The tesseractwrapper Module¶
This module contains all of the tesseract wrapping and image-to-text code.
-
tesseractwrapper.
TESSERACT_DIR
¶ str
The default path to the tesseract install directory.
-
tesseractwrapper.
DEFAULT_FORMAT
¶ str
The default image format to send to tesseract if an image doesn’t not have a declared format. Otherwise, try to use the former format if we can.
Main Function¶
-
tesseractwrapper.
get_text_from_image
(image, tesseract_dir_path=u'', stderr=None, psm=3, lang=u'eng', tessdata_dir_path=None, user_words_path=None, user_patterns_path=None, config_name=None, **config_variables)¶ Uses tesseract to get text from an image.
Outside of image, tesseract_dir_path, and stderr, the arguments mirror the official command line’s usage. A list of the command line options can be found here: https://tesseract-ocr.googlecode.com/svn/trunk/doc/tesseract.1.html
Parameters: - image (Image.Image or str) – The image to find text from or a path to that image.
- tesseract_dir_path (Optional[str]) – The path to the directory with the tesseract binary. Defaults to “”, which works if the binary is on the environmental PATH variable.
- stderr (Optional[file]) – The file like object (implements write) the tesseract stderr stream will write to. Defaults to None. You can set it to sys.stdin to see all output easily.
- psm (Optional[int]) – Page Segmentation Mode. Limits Tesseracts layout analysis (see the Tesseract docs). Default is 3, full analysis.
- lang (Optional[str]) – The language to use. Default is ‘eng’ for English.
- tessdata_dir_path (Optional[str]) – The path to the tessdata directory.
- user_words_path (Optional[str]) – The path to user words file.
- user_patterns_path (Optional[str]) – The path to the user patterns file.
- config_name (Optional[str]) – The name of a config file.
- **config_variables – The config variables for tesseract. A list of config variables can be found here: http://www.sk-spell.sk.cx/tesseract-ocr-parameters-in-302-version
Returns: The parsed text.
Return type: str
Raises: subprocess.CalledProcessError
– If the tesseract exit status is not a success.Examples
Examples assume “image” is a picture of the text “ABC123”. See piltesseract tests for working code.

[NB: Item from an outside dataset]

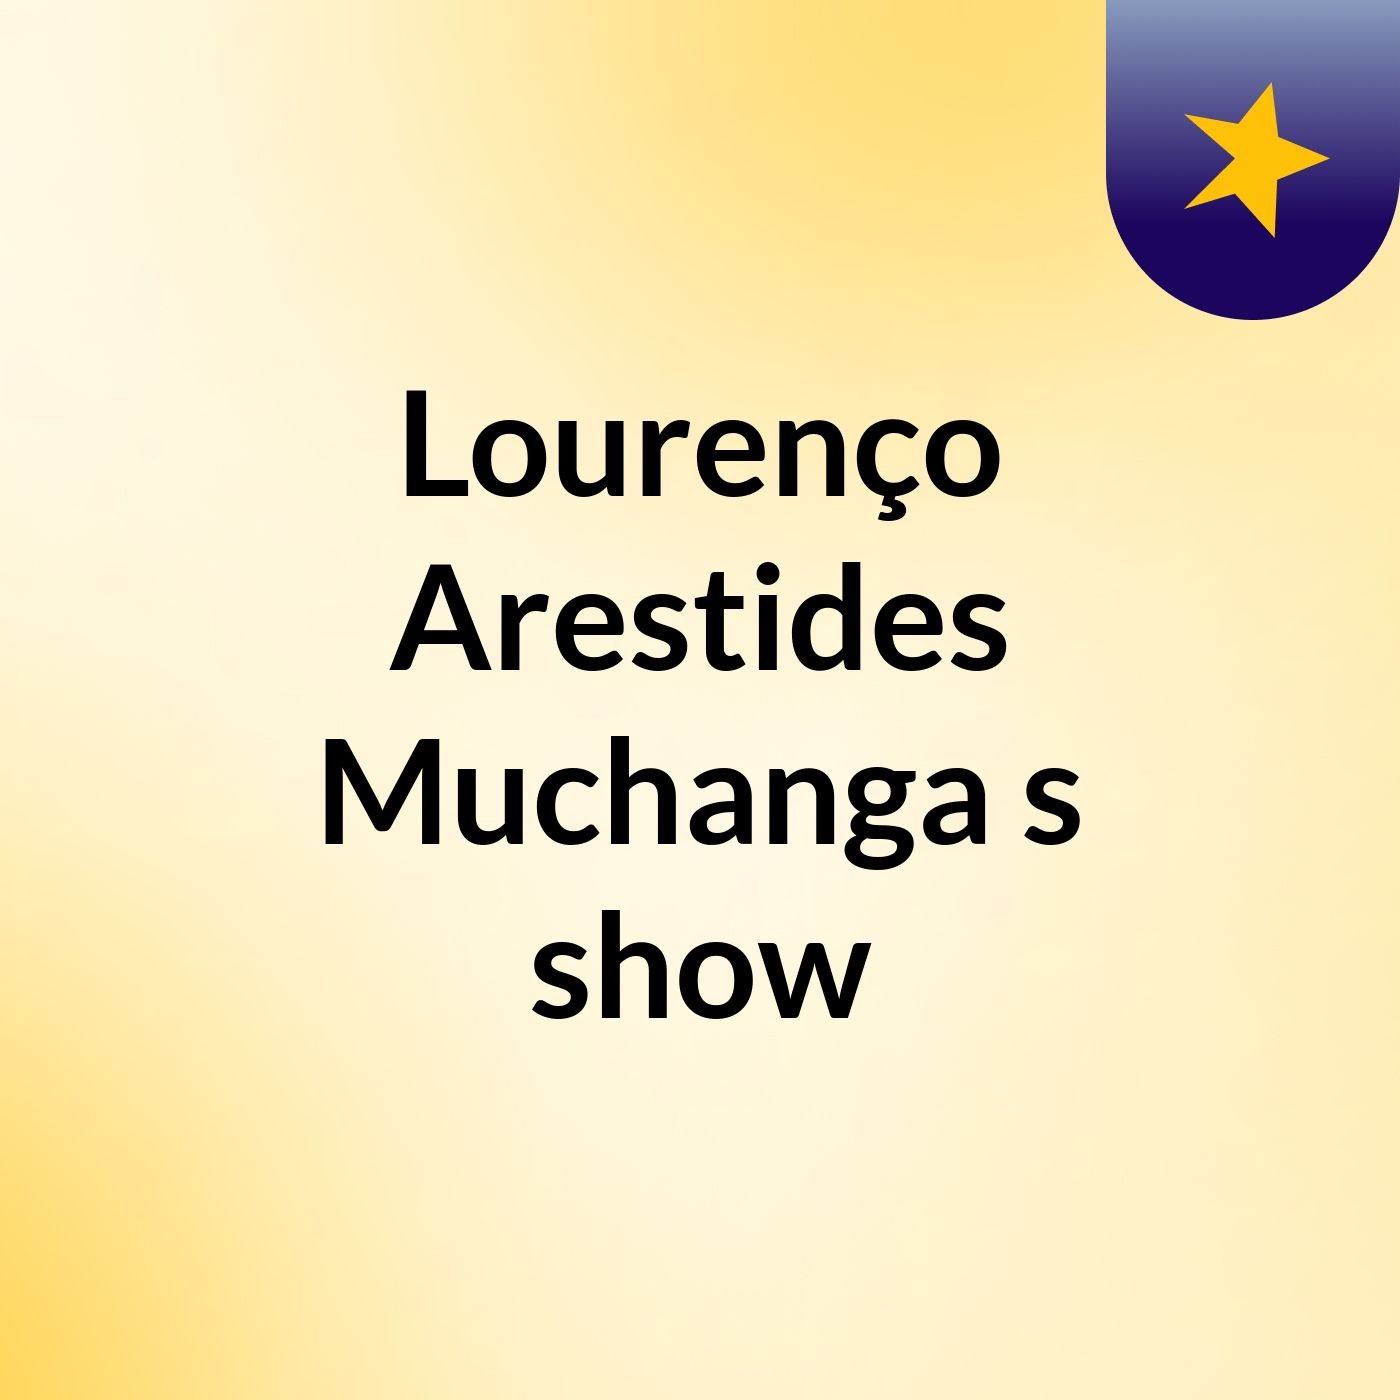 Lourenço Arestides Muchanga's show

>>> get_text_from_image(image) 'ABC123' >>> get_text_from_image(image, psm=10) #single character psm 'A'
You can use tesseract’s default configs or your own:
>>> get_text_from_image(image, config_name='digits') '13123'
Without a config file, you can set config variables using optional keywords:
>>> text = get_text_from_image( image, tessedit_char_whitelist='1' tessedit_ocr_engine_mode=1, #cube mode enum found in Tesseract-OCR docs ) '1 11 '
Advanced Functions¶
-
tesseractwrapper.
get_tesseract_process
(commands, tesseract_dir_path=u'', stdin=-1, stdout=-1, stderr=-1)¶ Popen and return tesseract command line utility.
Opens and returns a tesseract process to the tesseract command line utility. Uses Popen to open a process and pipes to tesseract.
Parameters: - commands (List[str]) – The command line strings passed into the tesseract binary. Do not include the binary name or path in this variable.
- tesseract_dir_path (Optional[str]) – The path to the directory with the tesseract binary. Defaults to “”, which works if the binary is on the environmental PATH variable.
Returns: The open subprocess pipe.
Return type: subprocess.Popen
-
tesseractwrapper.
test_tesseract_path_version
(tesseract_dir_path=u'')¶ Tests that the correct version tesseract is installed and on the path.
Use this function to ensure that either tesseract is on a default or specified path. The function raises ImportErrors if tesseract does not work or is not the right version. The function is silent if everything passes.
Parameters: tesseract_dir_path (Optional[str]) – The path to the directory with the tesseract binary. Defaults to “”, which works if the binary is on the environmental PATH variable. Raises: ImportError
– If the tesseract requirement is not met.